Book Reviews: Lagom, Lykke & Ikigai—the Art of Better Living

Last year, we explored the Danish word hygge: the essence of happy living in Denmark (you can read my reviews here). I must admit after reading books about hygge my usage of candles went up by 100%! Today, we’ll learn how to live a better life through exploring three concepts: the Swedish lagom, the Danish lykke and the Japanese ikigai. After all, according to research by Sonja Lyubomirsky happiness is 50% genetics, 10% circumstances and 40% our intention… We can improve 40% of our happiness, 🙂  so let’s get started!


Lagom is a Swedish philosophy meaning “not too little, not too much, just right”. The book written by Linnea Dunne is a beautifully illustrated and photographed guide to the Swedish art of balanced living. My favourite ideas are: picnicking, baking or eating cinnamon buns (mm, cinnamon), fika (a break for coffee or hot beverage with yourself, your friends or a book), “me time” (to recharge your batteries), simple pleasures and decluttering your living space.


Lykke means happiness in Danish and the book by Meik Wiking explores the idea of happiness in a deep and thorough way incorporating various world-wide perspectives. The publication has beautiful photographs and contains statistical data regarding happy living, along with some practical ideas which may help improve our feeling of happiness. One quotation: “Everything runs smoothly in Denmark. Well, almost. Four years ago, one train did arrive five minutes late. The passengers each got a letter of apology from the prime minister and a designer chair of their choice as compensation.” (p. 14)

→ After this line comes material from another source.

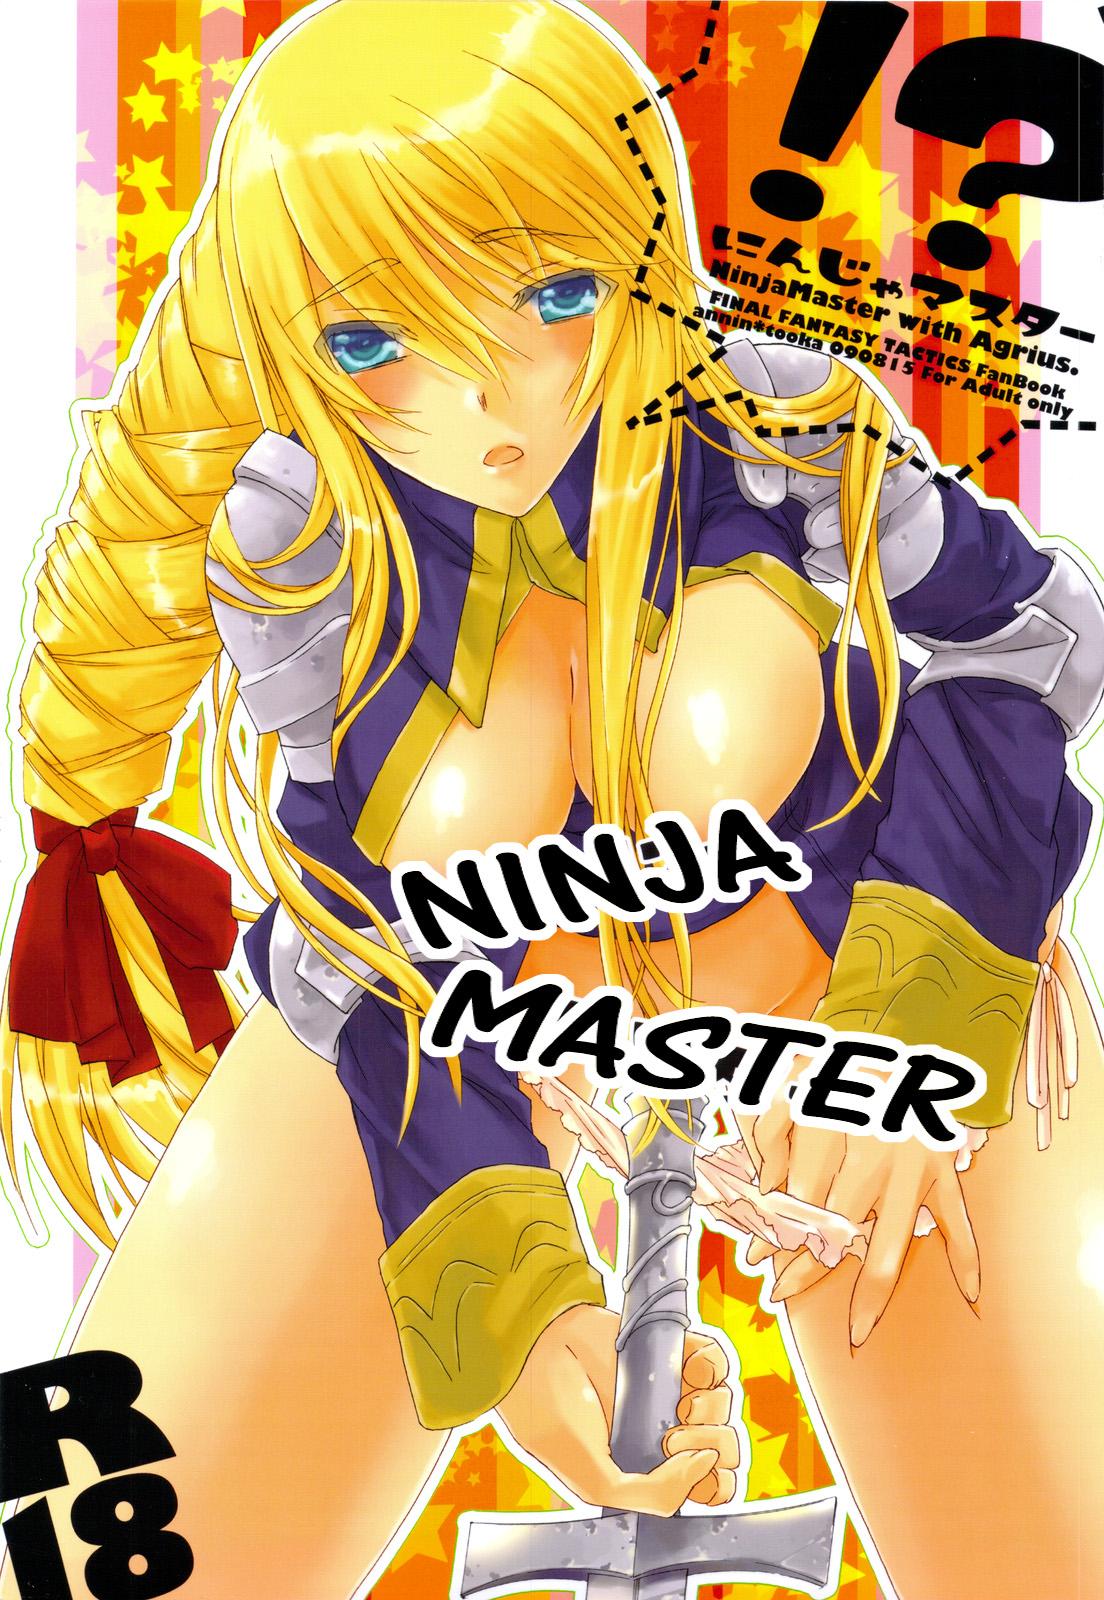 Wet Ninja Master - Final fantasy tactics Old Man - Page 1

Ikigai is the Japanese “way to a happier, more fulfilled life” (p. 18). “It is about discovering, defining and appreciating those pleasures in life that have meaning for you” (p. 17). The book written by Ken Mogi is a fascinating introduction to the Japanese mindset. Ikigai is formed of 5 pillars: starting small, releasing yourself, harmony and sustainability, the joy of little things and being in the here and now. The author gives many real-life examples of each of the pillars (including reasons to get up early in the morning!) and creates a beautiful story presenting Japanese lifestyle.


L. Dunne, Lagom. The Swedish Art of Balanced Living. Gaia: London 2017.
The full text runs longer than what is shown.